In my kernel enable CONFIG_KASAN_STACK

grep CONFIG_KASAN /boot/config-5.4.0-162-generic 
# CONFIG_KASAN is not set
CONFIG_KASAN_STACK=1

Is this suitable for debugging?

rincebrain commented 7 months ago

I think those are heap crashes, so that won't help here.

arahnale commented 7 months ago

I was able to reproduce the kernel crash when using zfs 2.2.2 I wrote a script for a memory leak

#include <stdio.h> 
// malloc calloc
#include <stdlib.h>
#include <string.h>

typedef struct {
  char * str;
  unsigned long long int len;
} str_t;

void _mymalloc(str_t *str1 , str_t *str2, unsigned long long int n) {
  /** long int size_1gb = 1024 * 1024 * 1024; // размер в байтах (1 гигабайт) */
  str1->str = NULL;
  str1->len = 0;

  printf("Start _malloc %lld\n", n);

  while (str1->len < n) { 
    /** printf("%lld\n", str1->len); */
    str1->len += str2->len + 1; 
    /** printf("realloc\n"); */
    str1->str = realloc(str1->str, str1->len * sizeof(char) + str2->len * sizeof(char));
    /** printf("strcat\n"); */
    strcat(str1->str, str2->str);
  }
}

int main() {
  printf("Start\n");

  unsigned long long int size = 0;

  str_t temp;
  str_t temp1, temp2, temp3, temp4;
  temp.str = "abracadabra\0";
  temp.len = strlen(temp.str);

  _mymalloc(&temp1, &temp , 1024);
  _mymalloc(&temp2, &temp1 , 1024 * 1024 * 10);
  _mymalloc(&temp3, &temp2 , 1024 * 1024 * 1024);
  _mymalloc(&temp4, &temp3 , 1024 * 1024 * 4024);

  return 0 ;
}

and started the load on the dataset

while true; do dd if=/dev/urandom count=10M bs=1 | bzip2 -1 > /home/random.bin ; rm -f /home/random.bin ; done

I am ready to provide a server for testing if you agree to help with testing.

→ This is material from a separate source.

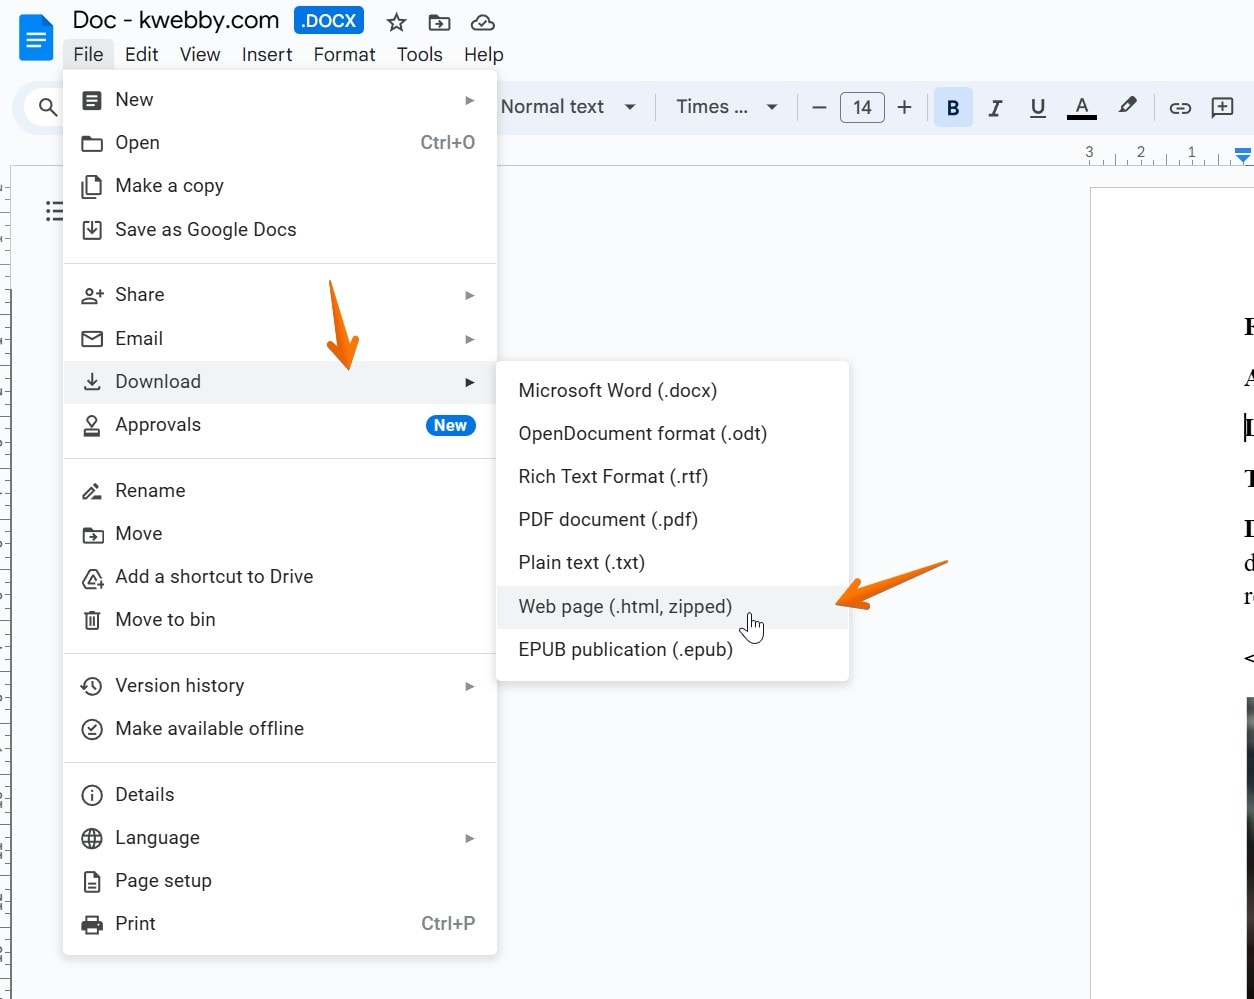 How to Download an Image from a Google Doc (3 Easy Ways) 9
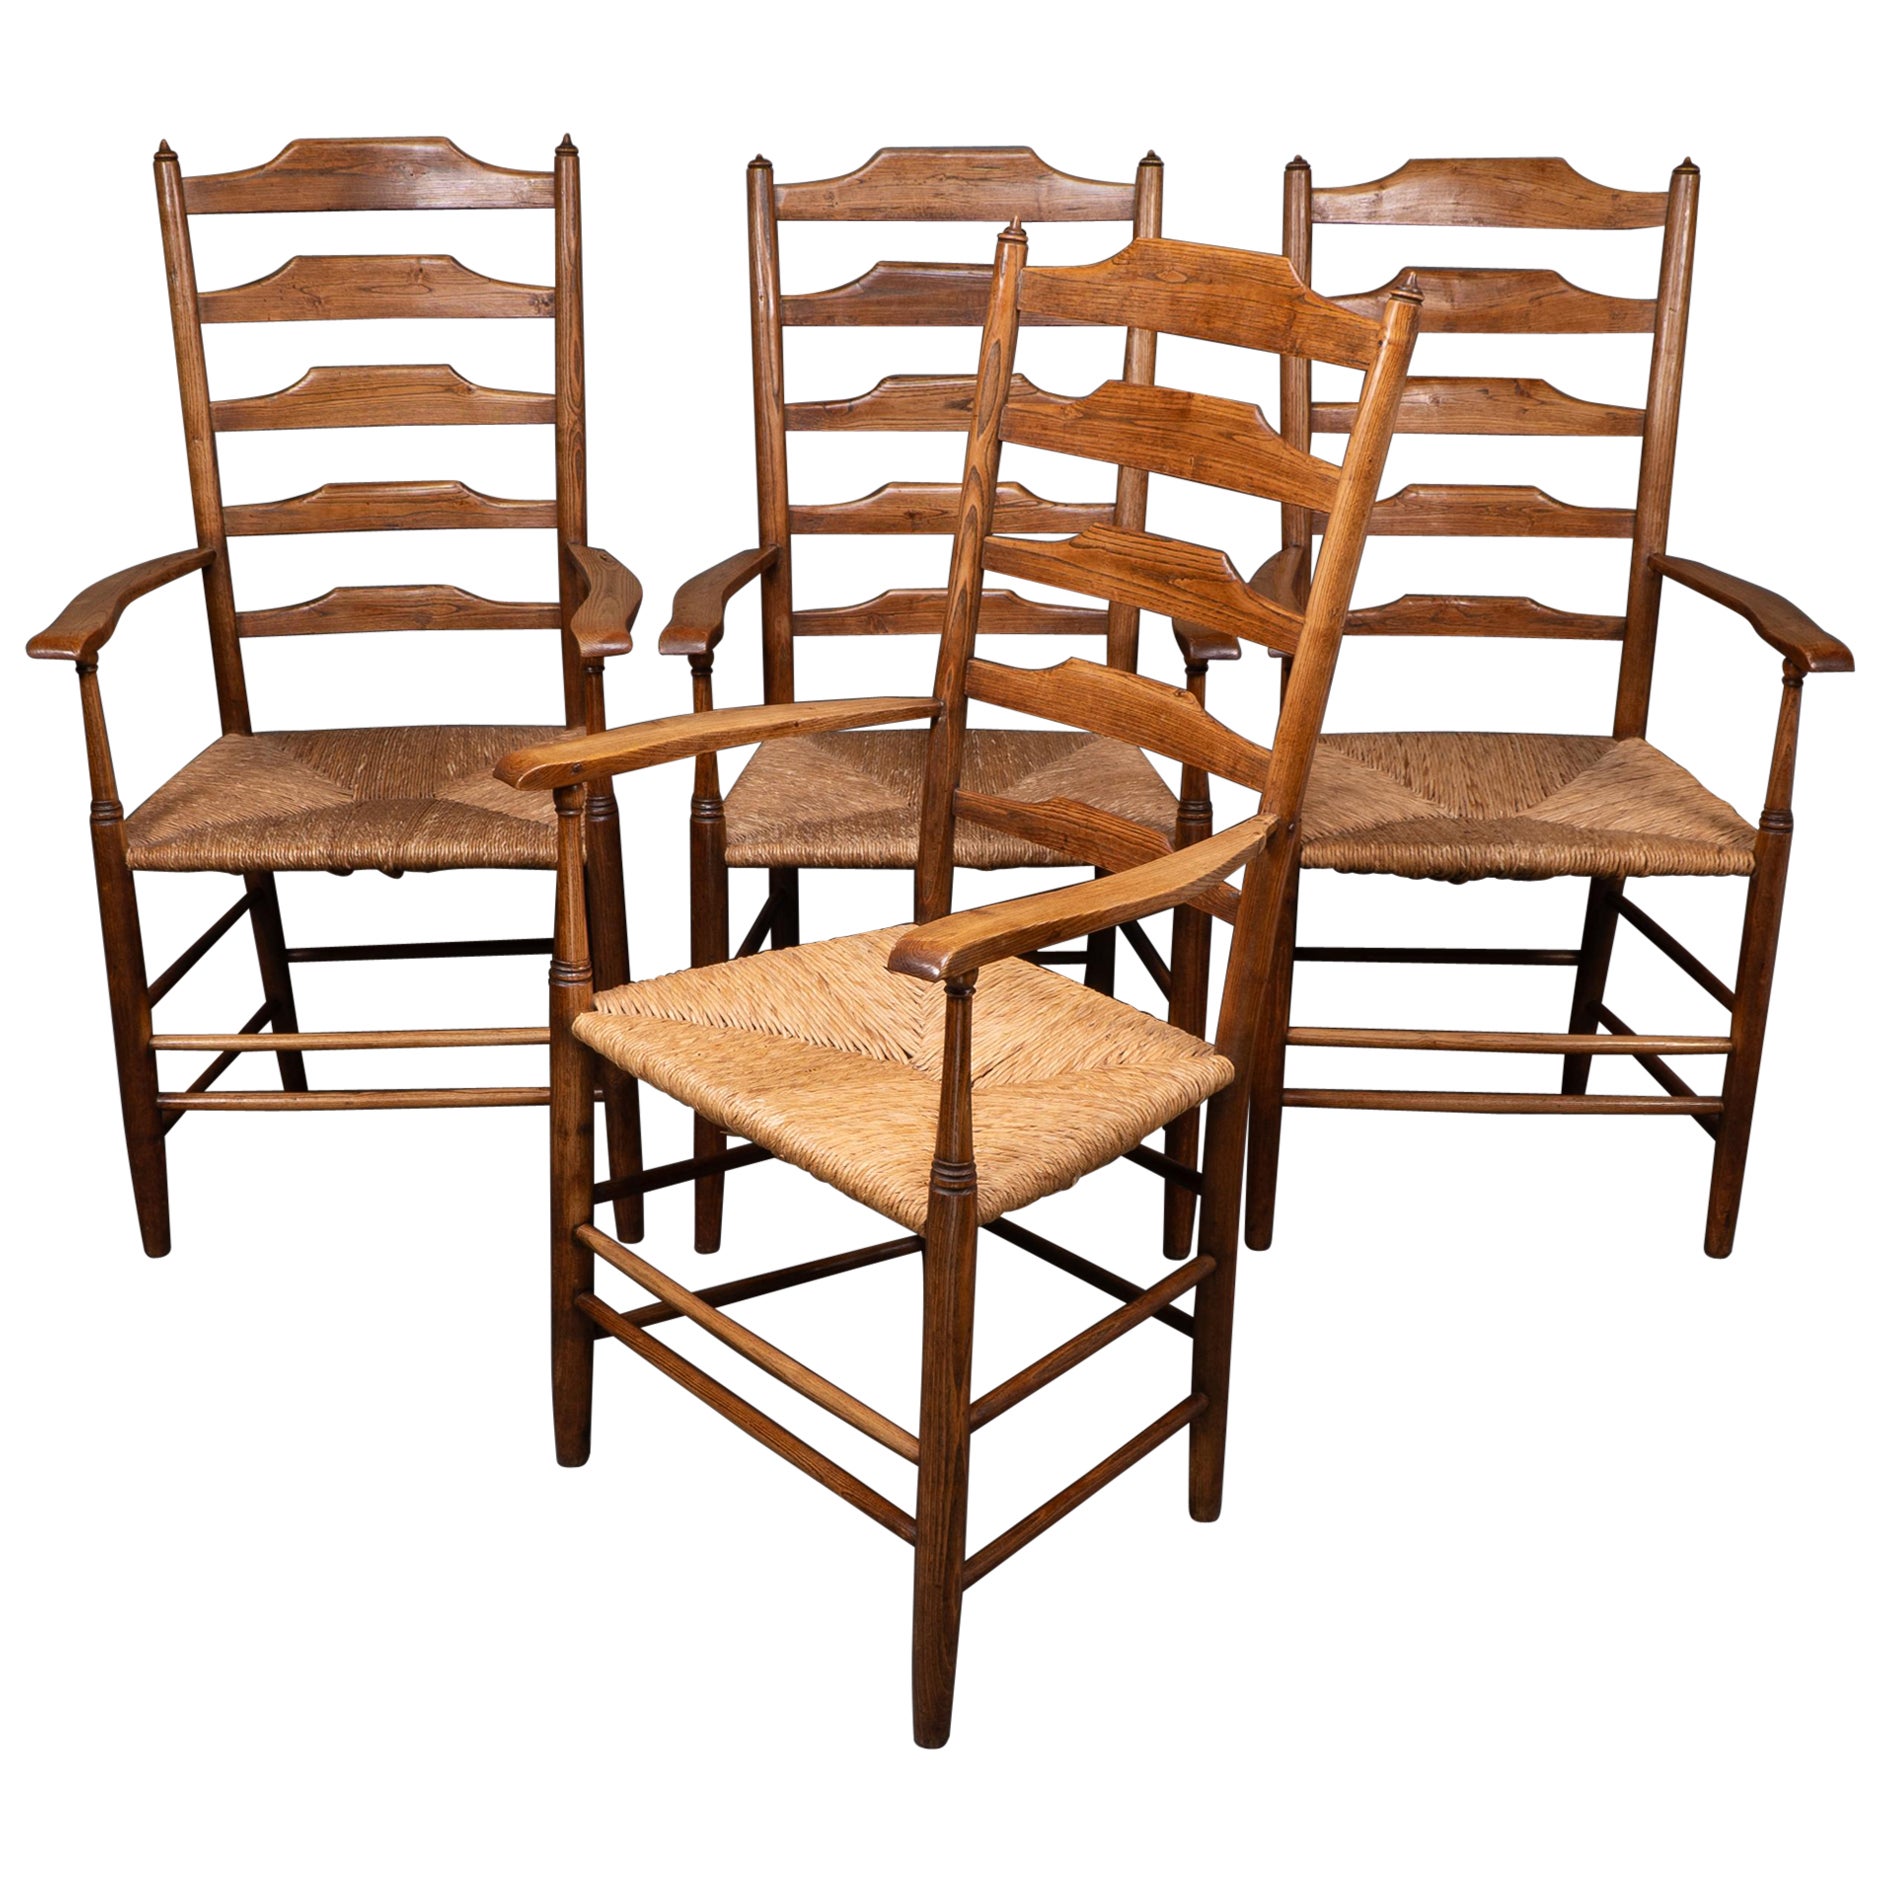 Philip Clissett A fine set of four early Arts & Crafts ash ladder back armchairs For Sale

Dimmiuss commented 2 months ago

this problem still appears on the latest versions of ZFS: 2.1.15 and 2.2.4 all that helped us to no longer get a kernel panic was to roll back to 2.1.4 please look into the problem, the latest versions are NOT STABLE. changes that broke the ZFS code base were made between releases in 2.1.4-2.1.15. Then they moved to the 2.2 code base and these problems continue. We kindly ask you to check all commits from 2.1.4 to 2.1.15, because This bug will only make things worse in the future.